ARTICLE:
"You Don't Have to Eat the Elephant at All:
Honoring Your Desire to Write a Book from the Deeper Self"

[From Issue #1, May 2004]
Writing
a book from the deeper Self—in contrast to writing a book for another
reason, such as career advancement, or the desire to prove something—is
not something that's outside you. Like the most intimate presence of God, it
is inside you. How your book gets nurtured into being, and the writerly craft
of “thinking in terms of a book” is another matter. But the book
exists inside you from the start, and will remain inside you as it grows until
it is complete and ready to go out into the world.
There’s a well-known phrase to help a person deal with the prospect of
an overwhelming task: “How do you eat an elephant? Answer: One bite at
a time.” There are some ways that this advice does apply to writing a
book from the deeper Self, and some ways that it really doesn't.
First of all, why would you want to eat an elephant? Aside from its thickest
of hides and mammoth size, elephants have been shown to be among the most socially
sensitive of animals, adopting orphans and tucking them into the herd, and performing
what are clearly mourning rituals when one of their herd dies. There is something
in our modern, action-oriented way of thinking that is perhaps missing a beat,
if our analogies on how to get things done include the inspiration of eating
an elephant, a bite at a time.
What if, instead of having a daunting, overwhelming task ahead, when the realization
that “Oh my God, I really AM thinking of writing a book!” hits,
you could let go of all the attendant scenarios and chatter—the “How
will I ever write a book?” and “There are already so many books
out there, who needs one more, from me?” and “I'd better get an
outline together,” and “Who would publish this?” and “Could
I get on Oprah?” and “I can't write a word. . . . I'm blocked. .

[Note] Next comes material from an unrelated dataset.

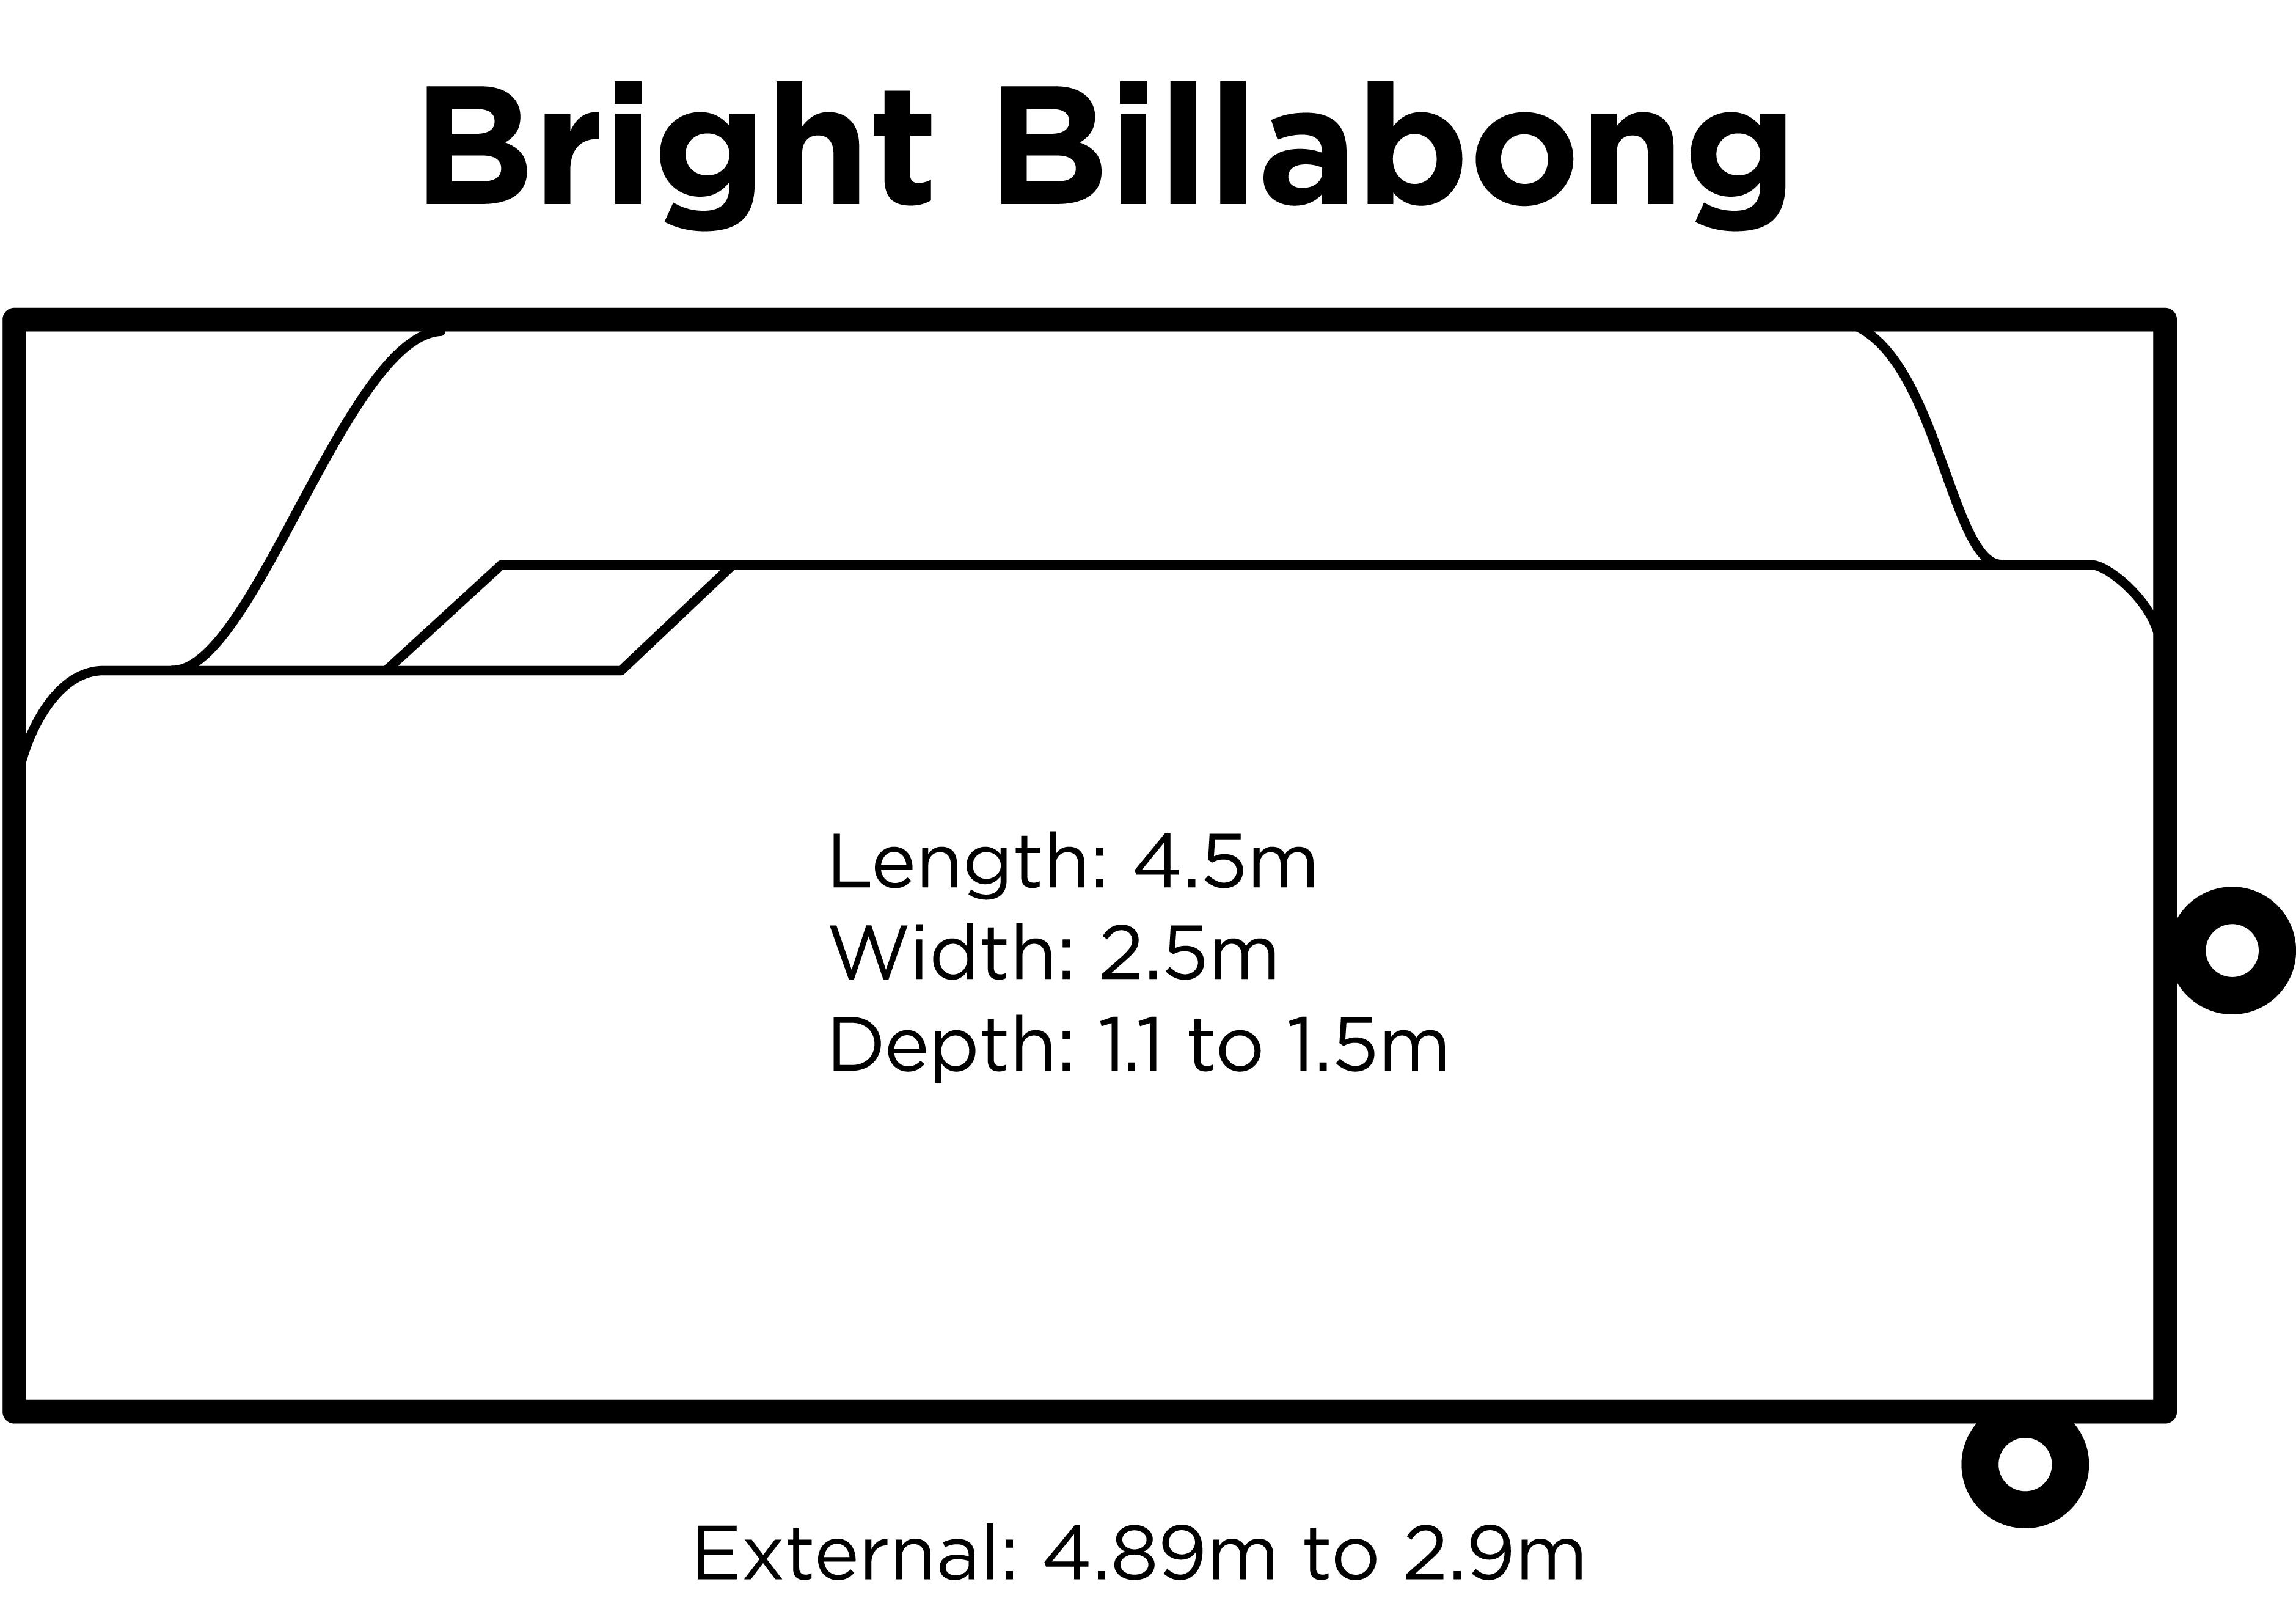 Bright Billabong

. . I have nothing to say—help!!” and so on—
What if you could simply trust that whatever brought the seed of desire to write
this book into your heart in the first place will stay with you, will not abandon
you, throughout the entire process of writing the book? What if a book were
not so much an accomplishment (although, certainly, it is) as, a journey—one
that, as with all real journeys, means that you put your feet on the path, however
it is that you got to the path, and you begin. And you are met by things outside
yourself and things inside yourself, and in the course of this process you find
yourself transformed.
Writing a book from the deeper Self is really much more like having a baby than
like eating an elephant. It is an organic process, with its own phases and timing
(though not so neat as human conception and gestation), and at a certain point
it takes on a life of its own. The seed of desire to write a book is proof of
its reality. If you can accept and welcome that and water the seed with your
gentle, patient love, the book will grow as it's supposed to grow. And you can
trust that it's really there, really rooted, really yours, and really—a
friend.
To embrace this process as an inner friend is a very different experience, a
very different way of holding that you are writing a book from the usual frantic
ways of thinking about book writing. If what grows in you is to be embraced
rather than attacked, a bite at a time, then you do not have to play a social
game (at least not at this point. Perhaps—perhaps!—later on, in
selling and marketing the book).
All you need is to stay present to what's in you, and then to become yet more
present, and yet more. And this meeting with your ground of being, where all
real things—desires, feelings, deeper and higher motivations— spring
from, will sustain you, teach you, give to you, whisper true and surprising
things into your ear when you are doing nothing more than taking a walk or washing
the dishes, and you find that you just have to stop everything right then and
there and write these whispers down. These “fragments” become the
emerging text of your book, each one over time seeking its full meaningful place
in the scheme of your book, each one ringing unmistakably true.
Writing from the deeper Self is a gift you receive after priming the pump, and
a gift you give back by writing down and seeing what it is that you find as
you walk on the path. There IS an elephant, from the point of view of the mind:
“This is just overwhelming. Where do I begin? What do I say? Who would
publish this? What ... what ... what?”
But from the point of view of the deeper Self, there is no elephant. There is
only the journey. And the heart is what calls you out to do this work, to write
a book that will show you something deep and true about who you are, and thereby
will show your readers the same about themselves.